Base units and time units are on different scales; CPT base units are represented by integers, ranging from 1 (anesthesia for second- and third-degree burns) to 30 (anesthesia for intraperitoneal procedures in the upper abdomen including laparoscopy) (Centers for Medicare & Medicaid Services (CMS), n.d.-a). Time is also represented by integers (each time unit represents 15 minutes, so a time unit value of 4 represents 1 hour). A measure that represents both base units and time units requires rescaling of the time component to avoid overwhelming the base units, which occur on a narrower numerical range. For example, using a simple addition method without time transformation, a claim with a base unit of 4 and a time unit of 10 has an intensity score of 14, higher than that of a claim with a base unit of 8 and a time unit of 4 (intensity score of 12). In general, without transforming the time units, summing base units and time units creates a measure of intensity that is primarily driven by differential time units, rather than base units. To transform time, we divide it (explained as follows) and then add the transformed time units to the base units.
Time and base units are positively correlated (0.30 in our sample), with higher base units generally associated with longer procedures. To maintain a relatively constant effect of time on the intensity measure, we want to allow the time-transforming divisor to increase for higher base units. To keep measure construction straightforward, we divided the sample into five groups based on natural breaking points in the associated base units (shown in Table 1) and selected a different divisor for each group. The groups were chosen by examining both average time of the group and the effect of possible time divisors; the groupings mirrored those used by Sinclair and colleagues: “Using the well-established ranking of case difficulty within the ASA RVG, five categories were created according to the number of base units (≤6, 7–9, 10–13, 14–19, and ≥20)” (Sinclair et al., 2014).

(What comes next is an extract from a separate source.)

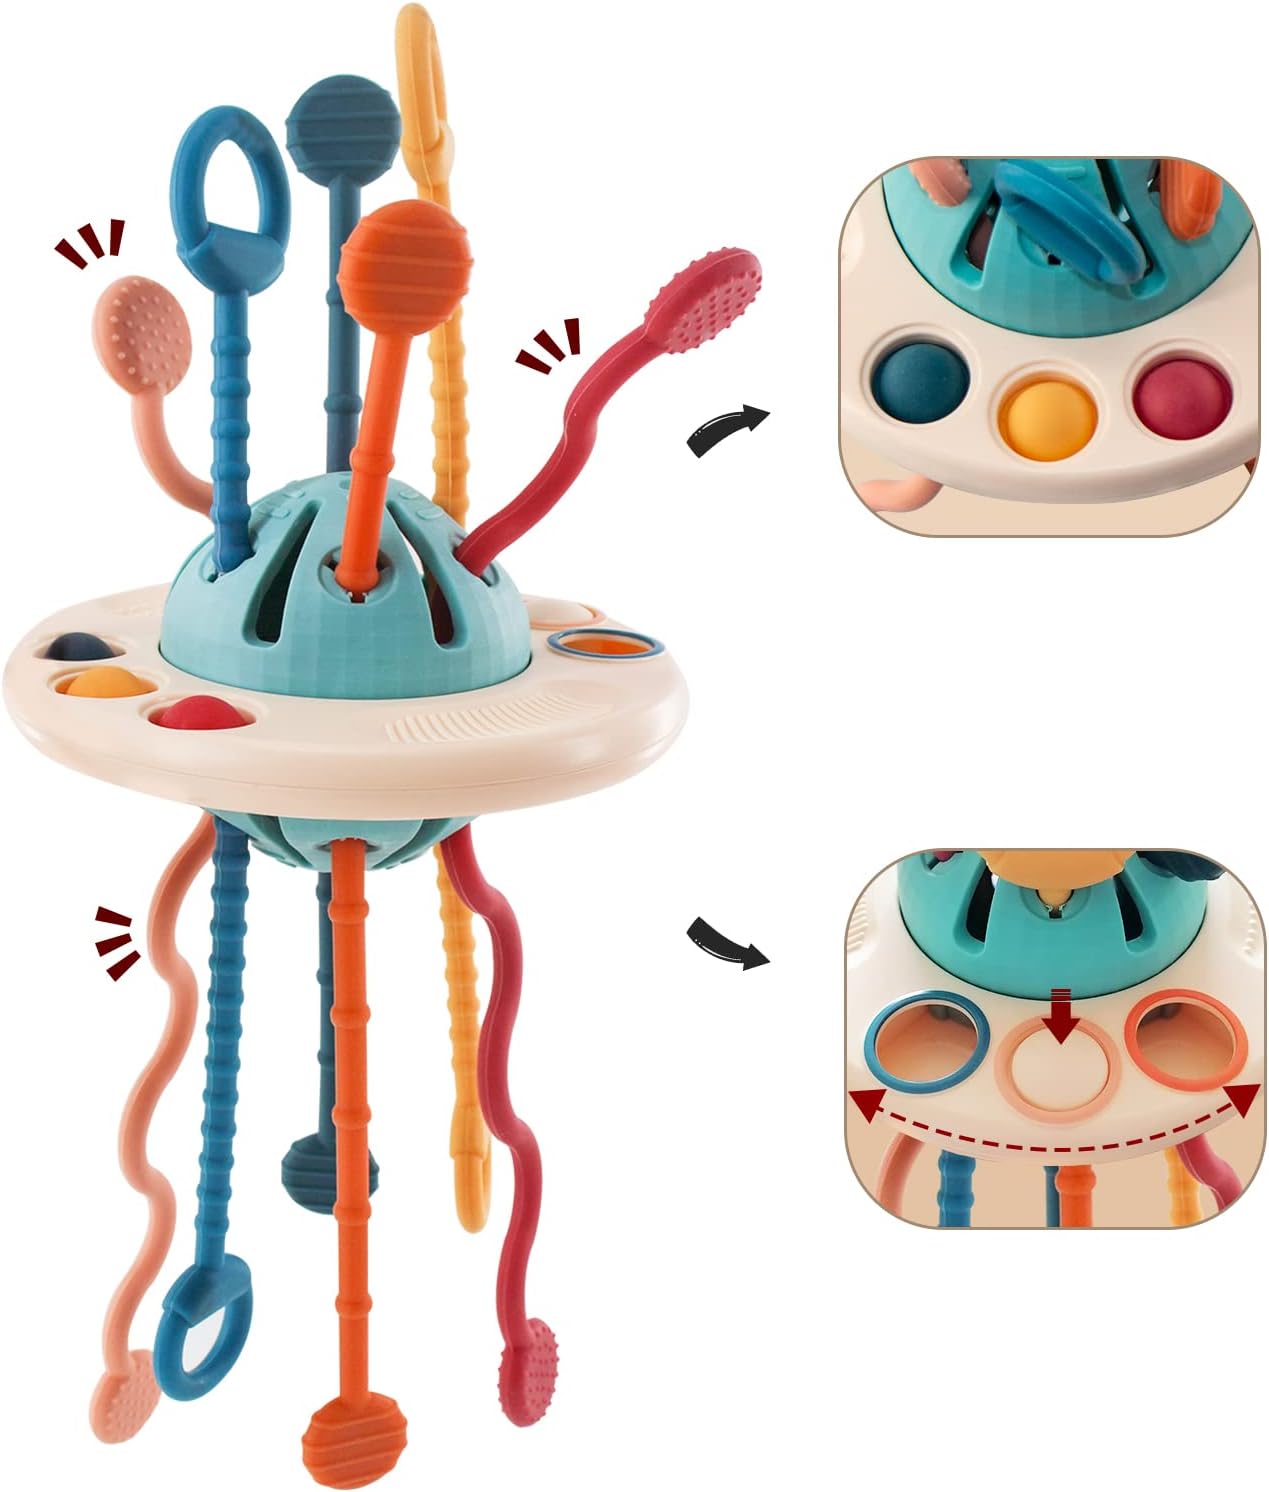 Pull string activity toy, sensory toy, fine motor skills, great for traveling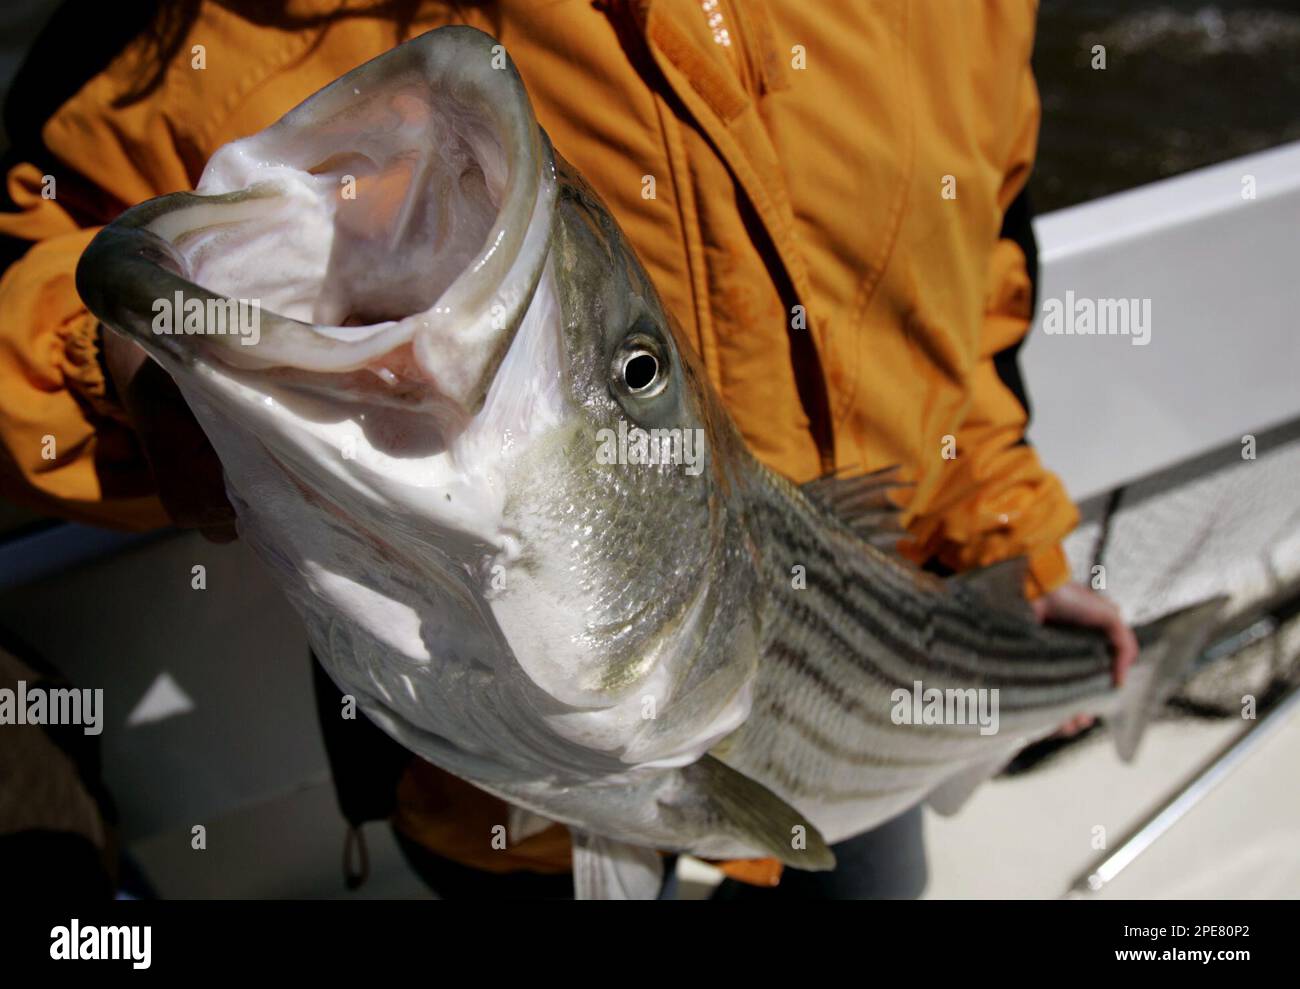 A 36-inch rockfish, better know as a striped bass, is readied to

Time units are the other key component of our intensity measure. Silber et al. found a 0.94 Spearman correlation between the anesthesia procedure time reported on the medical chart and the Medicare claim with a median difference of only 5 minutes, demonstrating that Medicare claims can be a reliable data source for anesthesia procedure times (Silber et al., 2011). A meaningful decision was how much weight to give time. In this study, we define the weight of time as the percentage of claims that have intensity scores at least one level (a full integer unit) higher than their original base unit; the difference between the intensity score and the original base unit is the effect of time. We calibrated the divisors so that approximately 10 percent of claims would have an intensity score one or more levels higher than the base unit. In Table 2 in the Results section, we explore alternative weighting schemes.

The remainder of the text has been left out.